Scolaris Content Display Scolaris Content Display

Cochrane Database of Systematic Reviews Protocol - Intervention

Urinary alkalinisation for acute chlorophenoxy herbicide poisoning

Authors' declarations of interest

Version published: 19 October 2005 Version history

https://doi.org/10.1002/14651858.CD005488

This is not the most recent version

view the current version 24 January 2007
Collapse all Expand all

Abstract

This is a protocol for a Cochrane Review (Intervention). The objectives are as follows:

To determine the efficacy of methods used to induce urinary alkalinisation, in particular sodium bicarbonate, for the treatment of chlorophenoxy herbicide poisoning.

Background

Chlorophenoxy compounds are selective herbicides with agricultural and domestic uses. A number of compounds are included in this group, most notably 2,4‐dichlorophenoxyacetic acid (2,4‐D), 4‐chloro‐2‐methylphenoxyacetic acid (MCPA), 2,4,5‐trichlorophenoxyacetic acid (2,4,5‐T) and mecoprop (MCPP).

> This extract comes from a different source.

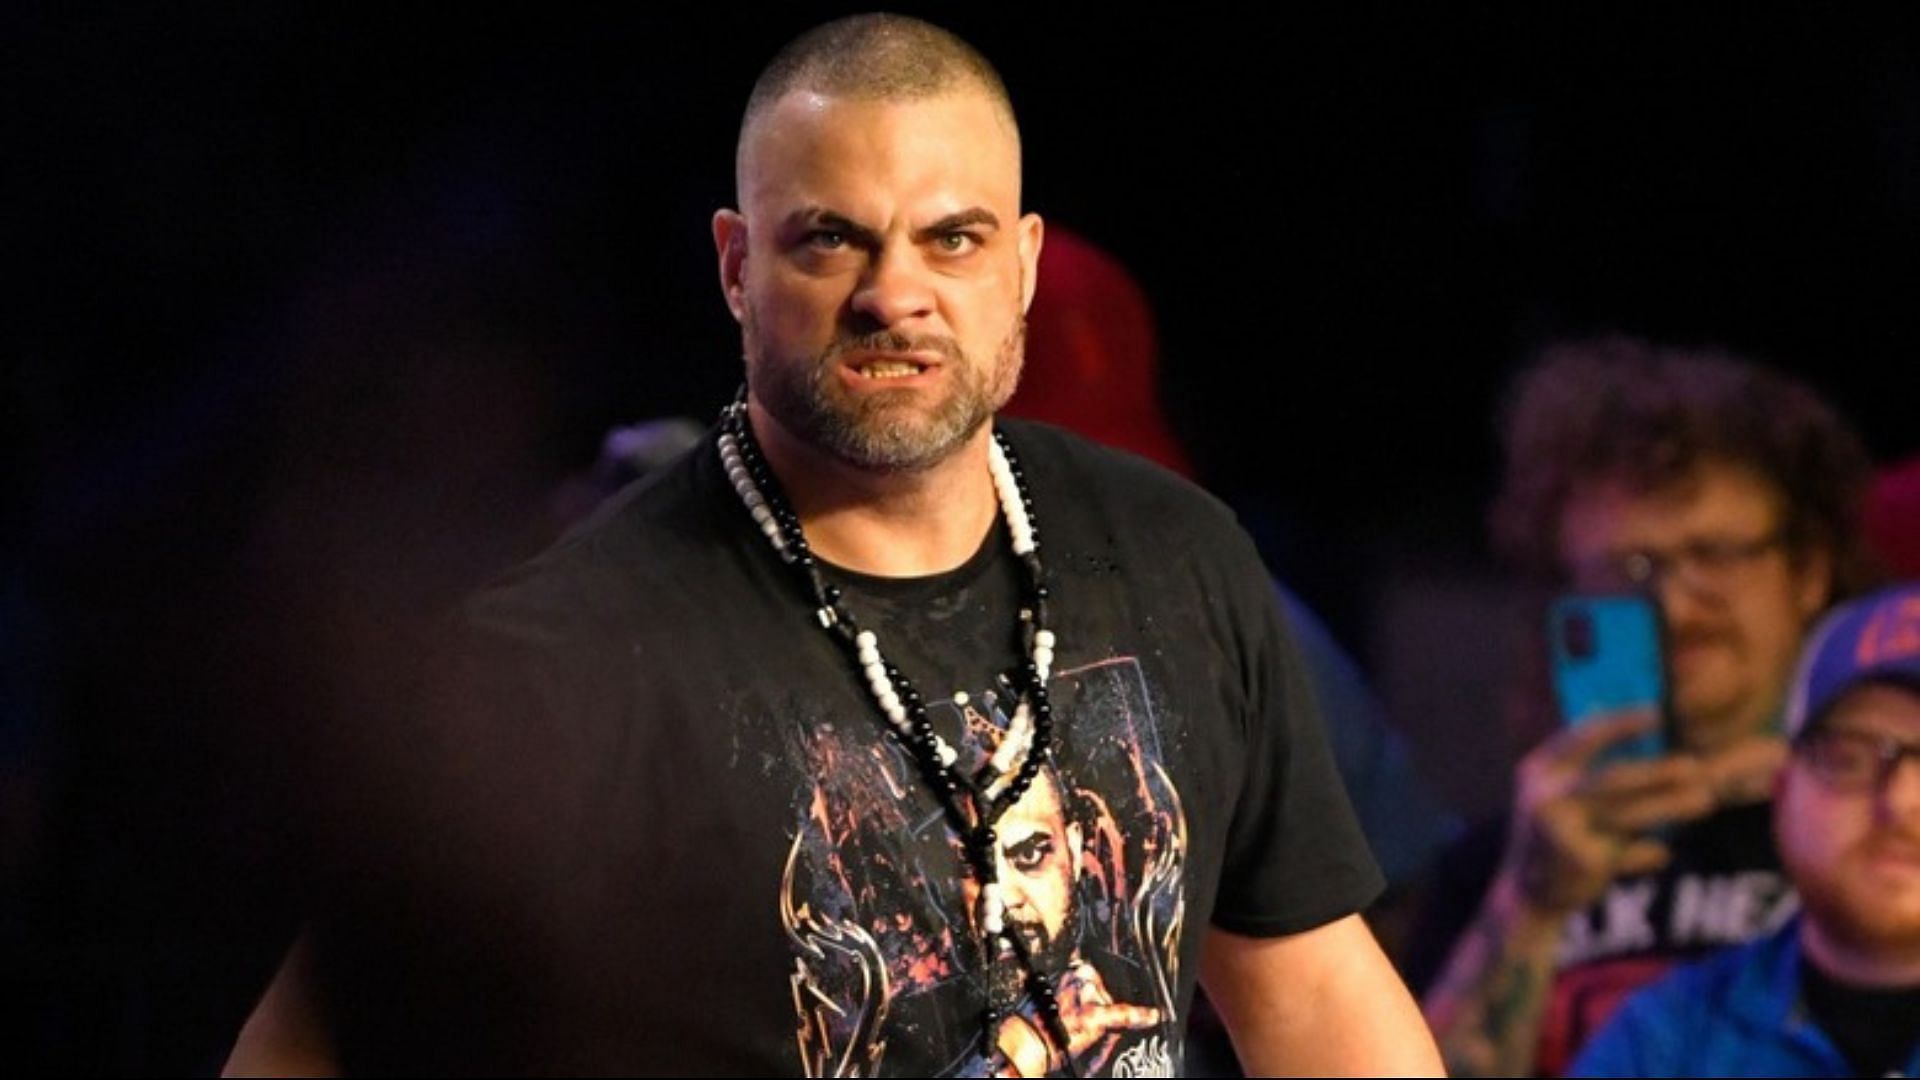 Eddie Kingston is the ROH World Champion and the NJPW STRONG Openweight Champion

Severe toxicity (including coma, rhabdomyolysis and renal toxicity) and death from acute chlorophenoxy herbicide poisoning has been reported worldwide (Bradberry 2004; Roberts 2005). The incidence of severe toxicity and case‐fatality ratio for acute chlorophenoxy herbicide self‐poisoning is not well studied. A mortality of up to 33% has been noted from case reports and small case series of predominantly 2,4‐D poisonings (69 patients in total) (Bradberry 2004). A recent series of 181 consecutive patients with acute MCPA poisoning reported a lower, yet still significant, mortality of 4.4% (Roberts 2005). Whether outcomes differ between individual chlorophenoxy compounds has not been defined.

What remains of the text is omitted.